Il lavoro e la malattie dell’apparato muscolo-scheletrico
Come ottenere il riconoscimento di malattia professionale – a cura del dott. Franco Brinato
AOSTA. L’esperienza professionale maturata negli anni presso il patronato e il crescente aumento delle malattie correlate al lavoro, mi ha dato lo spunto per la realizzazione di quest’articolo, con lo scopo di dare uno strumento di guida ai lavoratori nel mondo complicato delle malattie correlate all’attività lavorativa, spesso sottovalutate e cause frequente di disabilità e riduzione della capacità lavorativa dell’individuo, con gravi conseguenze sul piano sociale ed economico.
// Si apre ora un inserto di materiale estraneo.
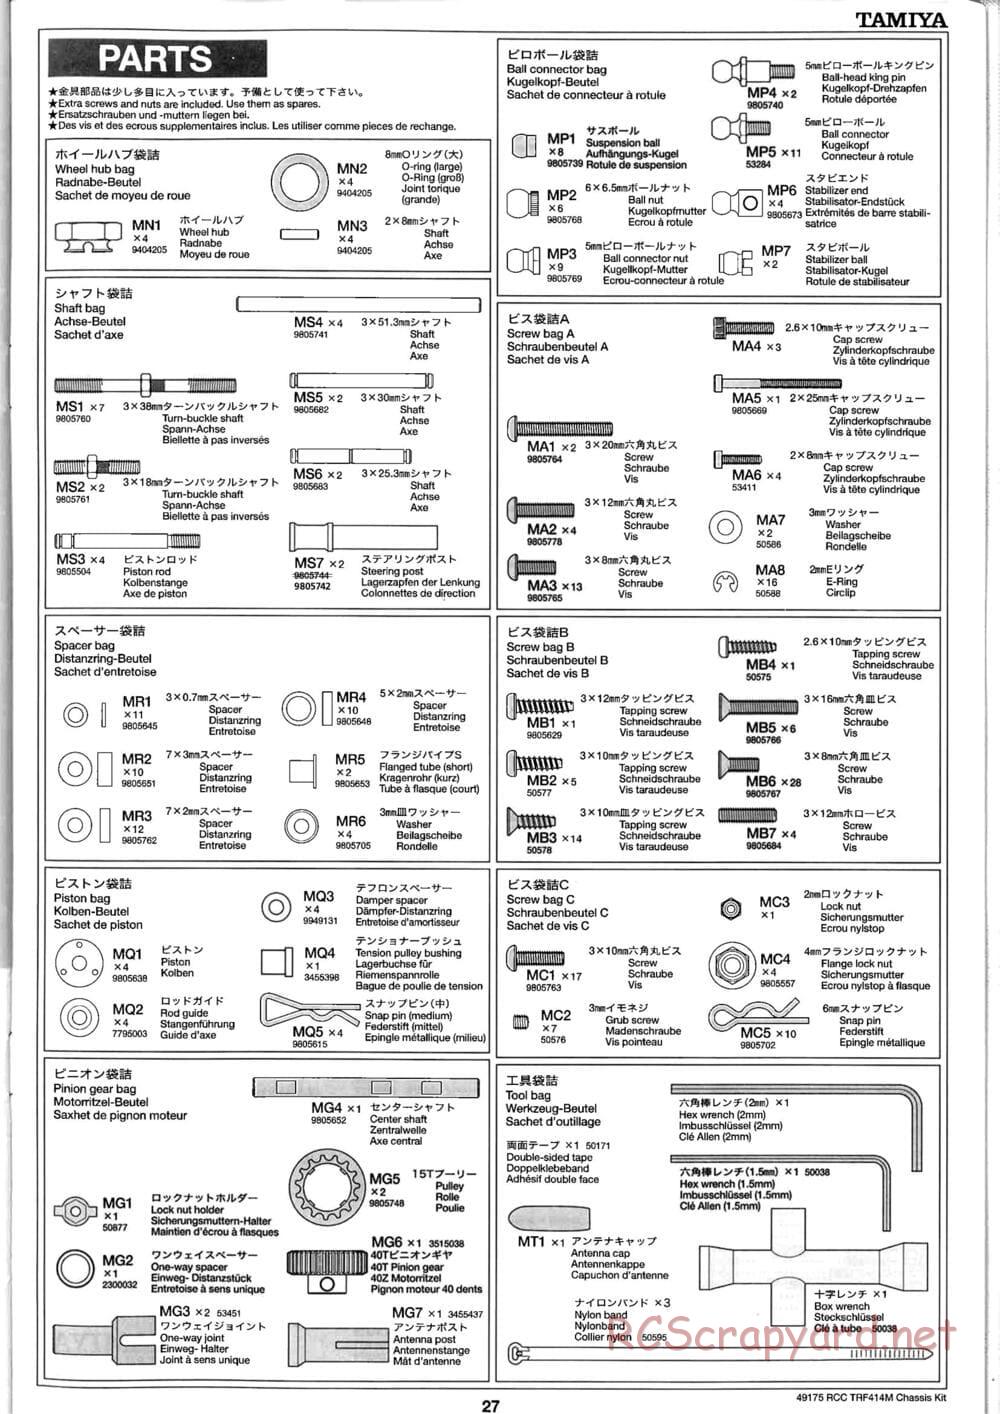 Tamiya - TRF414M Chassis - Manual - Page 27

L’apparato osteoarticolare (o meglio il sistema muscolo scheletrico) è il bersaglio non solo di eventi traumatici ma anche dei fenomeni di fatica e di usura. Per tale motivo le affezioni osteoarticolari costituiscono l’esempio tipico delle malattie professionali, cioè correlate all’attività lavorativa svolta. In Italia, secondo ripetute indagini ISTAT sullo stato di salute della popolazione, le malattie osteoarticolari sono le affezioni croniche di gran lunga più diffuse e sono al secondo posto tra le cause d’invalidità civile. Interessano una fascia vastissima di popolazione adulta (60-80% dei soggetti con età maggiore di 50 anni e circa il 100% di quelli maggiore di 60 anni). Costituisce spesso un problema poco sentito, se non decisamente sottovalutato dalle aziende, forse perché ritenuto normale e inevitabile. Una sottovalutazione errata perché le malattie osteoarticolari, come il banalissimo mal di schiena, spesso correlato a errate manovre manuali di movimentazione di carichi, costituiscono le cause più frequenti di assenza dal lavoro. Valutare con cura e ridurre al minimo i rischi connessi a movimentazione di carichi errati può portare, con assoluta certezza, a una significativa riduzione delle assenze per malattie o peggio per infortunio. In quest’articolo sono analizzati le principali malattie osteoarticolari correlate al lavoro, i fattori di rischio e le categorie più esposte e quale percorso eseguire come per il riconoscimento di una malattia professionale.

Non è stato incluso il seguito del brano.